According to some paleontologists, scorpions were the first species to move from water to land, so they have had a long time to burrow into our mythologies and nightmares. The ancient Babylonians told of a race of scorpion men. These half man-half scorpion creatures shot arrows that never missed. Egyptians have revered the scorpion for ages. Serket is the goddess who appears with the scorpion sitting on her head. She and her creepy crawly friend protect the pharaohs and the dead. Her sister-goddess, Isis, has a bodyguard of seven scorpions. In ancient Greece, the mythic hunter Orion was killed by Scorpio the scorpion as punishment for being naughty in ways that only a demi-god can. He was placed in the heavens by Zeus 180 degrees away from his killer, Scorpio.

Folk tales also abound. In Egypt, the people believe scorpions are born from the corpses of dead crocodiles, that women are immune to a scorpion’s sting, and that only stings received in the morning are lethal. The English used to believe that they bred from bruised sweet bay leaves. My favorite story is the one that says a scorpion that is surrounded by a ring of fire will sting itself to death. Now there’s a dicey method of extermination. I wonder how often that theory was tested.

Legend has made the scorpion the fearsome creature that it is; but actually, only about 25 different species carry venom that can be troublesome to humans, with mostly small children and the elderly being in any jeopardy. With a little medical care and antivenin for the most extreme stings, the mortality rate from scorpion stings drops to zero. There have been no deaths from scorpions in Arizona for the last 40 years running. Places where medical care is uncommon or substandard have increased risk for humans succumbing to complications of a scorpion’s sting since their neurotoxin venom can interfere with breathing and heart beat.

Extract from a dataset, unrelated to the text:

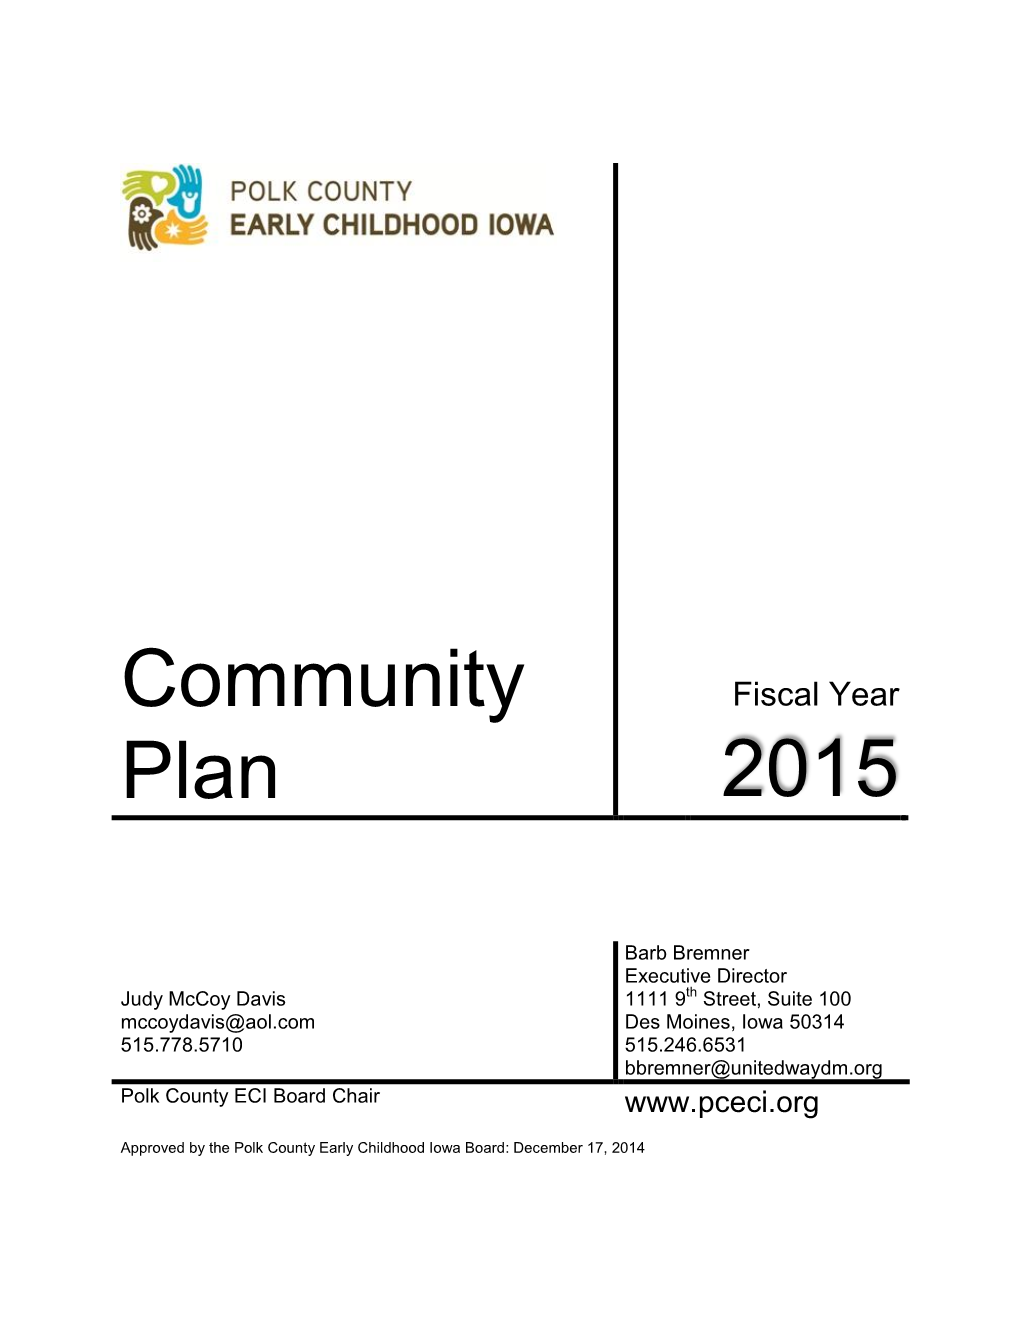 Community Plan 2015 Will Be Shared with All Polk County Legislators

Some pet providers even suggest that scorpions make an interesting and offbeat pet. Websites are springing up that deal with the care and breeding of these sincerely non-cuddly, venomous insects. I bet those guys from the entomology department at the University of Arizona were the first in line for the “beautiful creatures”. Conversely, the entomologists over at Kansas State University are a bit creeped out by trend of keeping stinging insects as pets and have posted warnings against doing so on their website. They must be dog people.

Scorpions are not just another pretty face. Science has found important uses for certain chemical compounds in scorpion venom. Medical researchers have parlayed the Giant Yellow Israeli Scorpion’s venom into an effective means of combating glioma, a fast-growing and terminal form of brain cancer. Results from human testing have been very positive.

So, scorpions aren’t all bad all the time. They have been victims of more bad press than Paris Hilton. I can almost find a bit of sympathy in my heart for their plight. But this isn’t the beginning of a beautiful friendship. If they continue sneaking into our house, I will continue smooshing them with my shoe, but now I will do so while respectfully acknowledging their extraordinary adaptability and lineage.

After exactly four hours, the pain in my husband’s back evaporated as quickly as it had come on. His body had conquered the neurotoxins poked into him on the end of the scorpion’s tail. Every sign that he had encountered a deadly poison vanished. He seemed pleased with his ability to overcome certain death.

My darling husband spent the next day marveling at the lack of any residual pain. I spent the next day making sure that little sandy-colored critters with eight legs and a nasty sting didn’t try to party with us while we slept.